Mining Multi-dimensional Pharmacological Data, with Principal Component Analysis

Alex Macpherson, James Snowden, John Sherington, Mark Calmiano, Boris Kroeplien, Andrew Payne, Chris Williams. UCB Celltech, Slough, UK

To progress from Hit Identification to the Candidate Selection phase of a NCE project, a vast amount of experimental data is generated in search of a suitable molecule. Effective profiling to optimise the in vitro pharmacology, ADME and Physical Chemical properties requires interpretation of the often complex relationships between disparate assays in large data sets, with the aim of conferring in vivo efficacy to the final candidate.

Principal Component Analysis (PCA) is a form of multivariate data analysis that reduces the dimensionality of data sets. A compound may be screened in ten assays, each of which reports three unique parameters, can the analytical ‘fingerprint’ from the thirty variables be reliably described with just two or three variables. If so, what level of accuracy does such a summary provide?
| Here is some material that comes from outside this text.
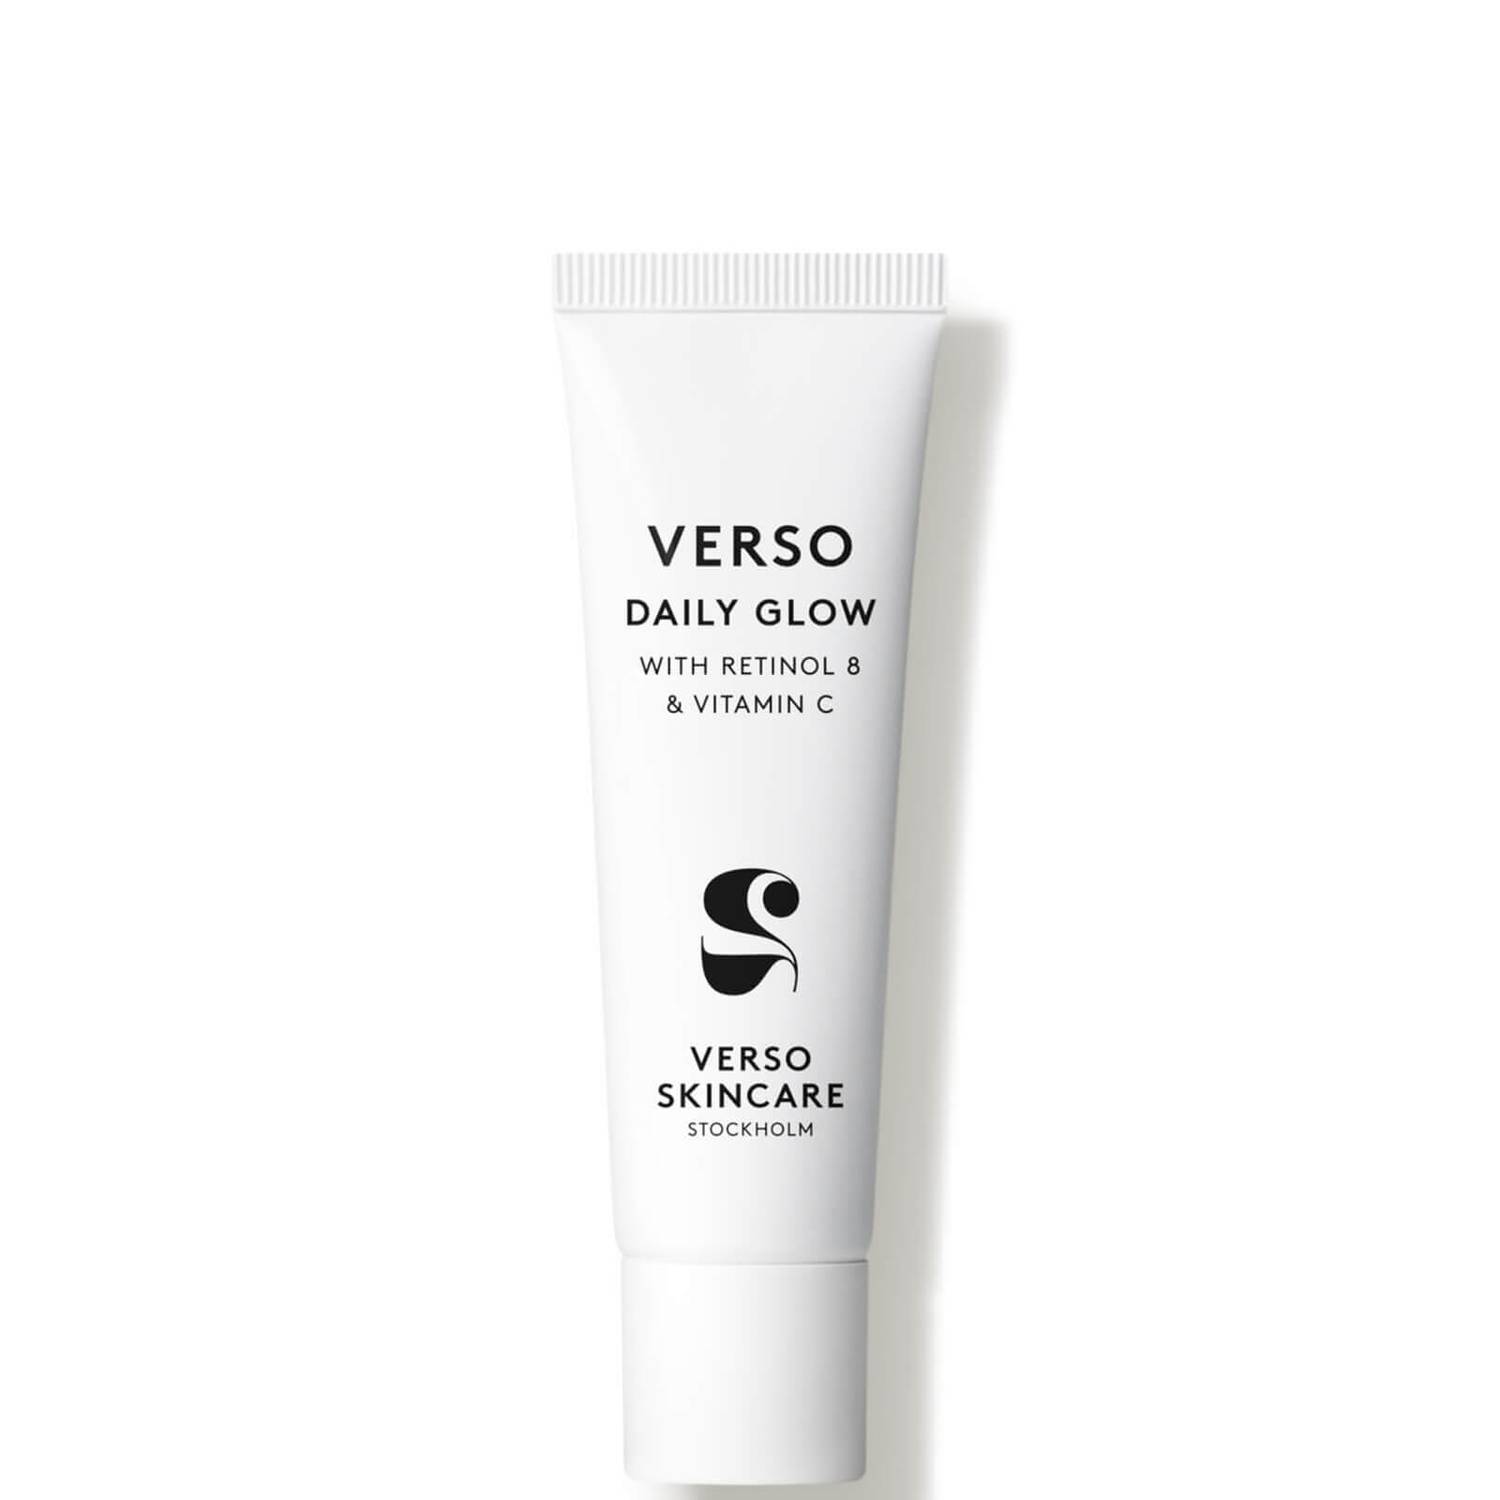 Verso Daily Glow
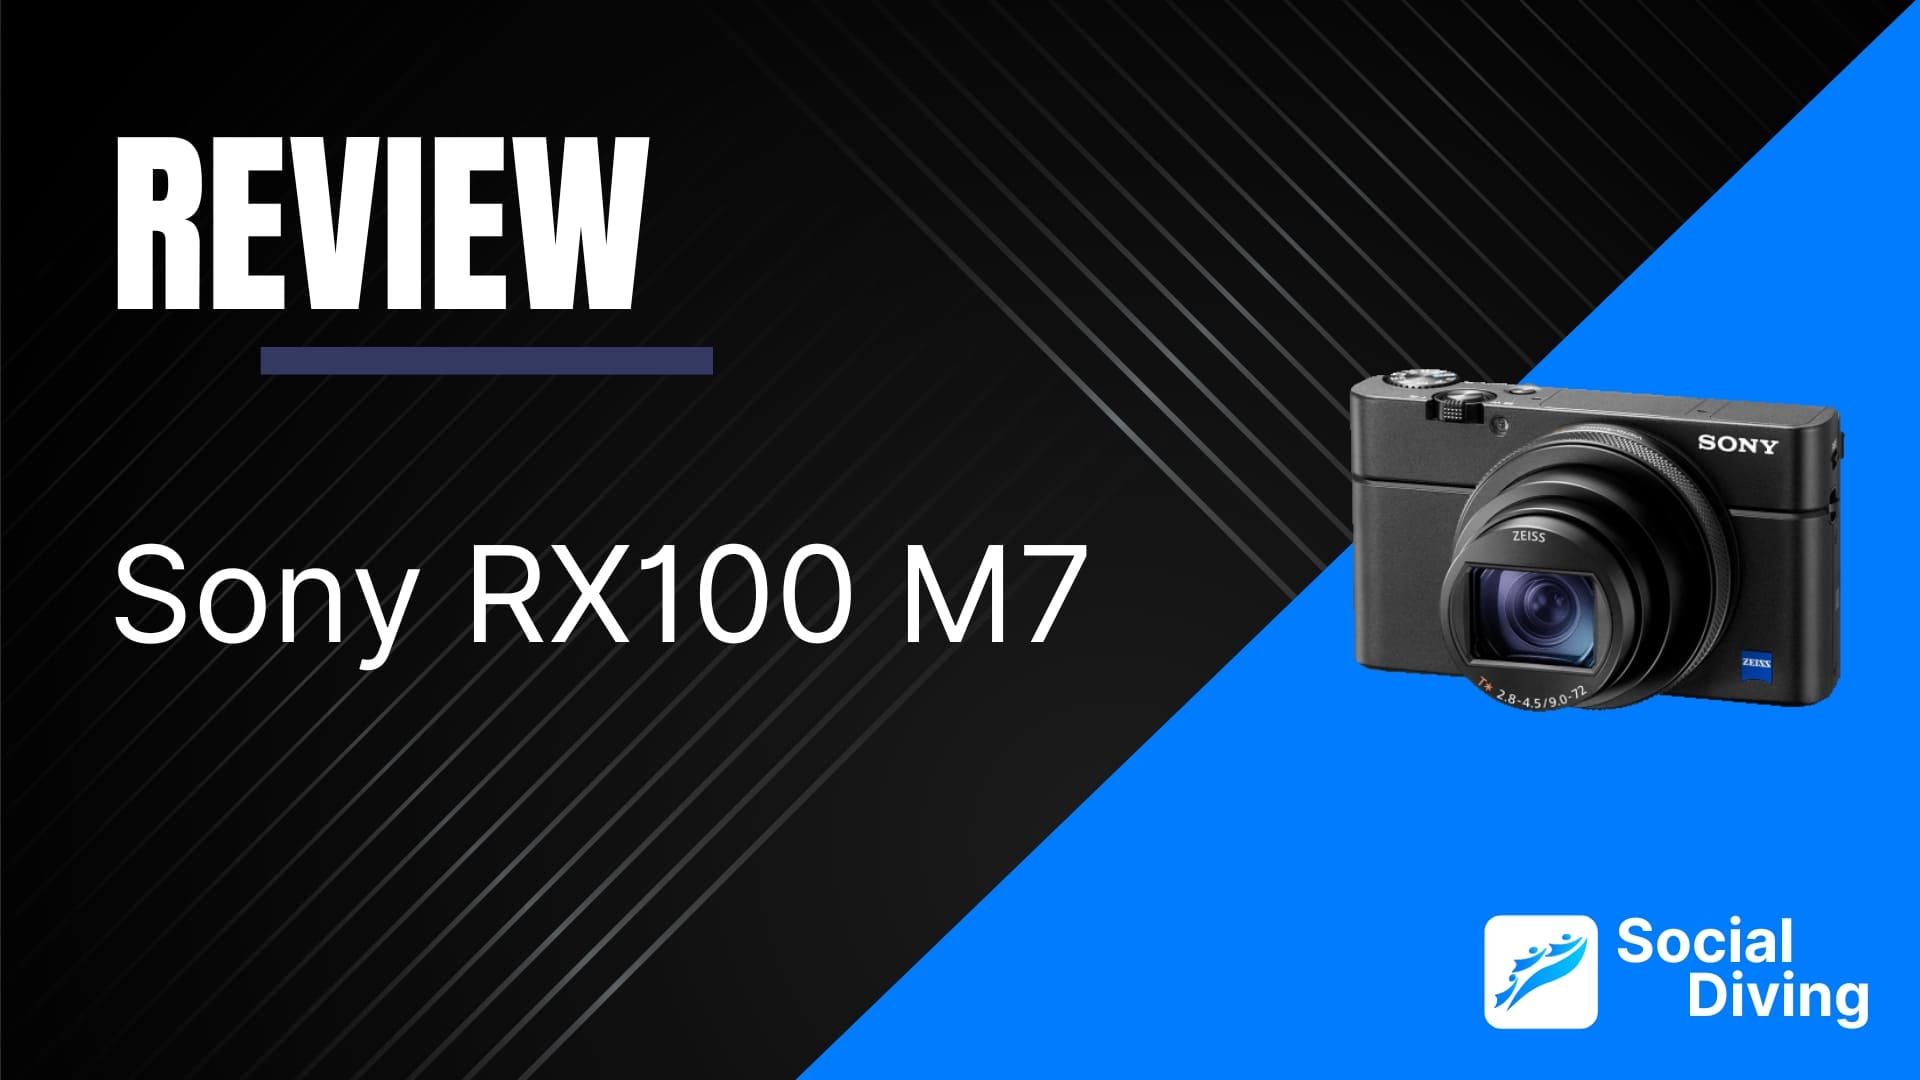 Sony RX100 M7 review

We will focus on the use of PCA in the optimisation and understanding of screening cascades, its use in the reduction of complexity allowing identification of molecules with distinct profiles, and applications in probing structure/function relationships.

Example PCA analysis will be shown from a drug discovery project, undertaken at UCB. Loading plots, highlighting areas of high and low correlation between assays in a screening cascade, will be shown. Such plots can inform on the design of the cascade and the potential significance of an atypical result in a particular assay.

Figure 1. Clustering of Chemical Inhibitors on a Score Plot, on a PCA of in vitro data. Coloured by Chemical Series.

Score Plots will be shown from a PCA analysis on an in vitro data set composed of binding, kinetic and functional assay data. A biological fingerprint for each Chemical Series is observed (Figure 1).

In addition, PCA will be performed on chemical descriptors to summarise the structural and spatial uniqueness of different inhibitors. With the intention of exploring relationships between chemical structure and biological function.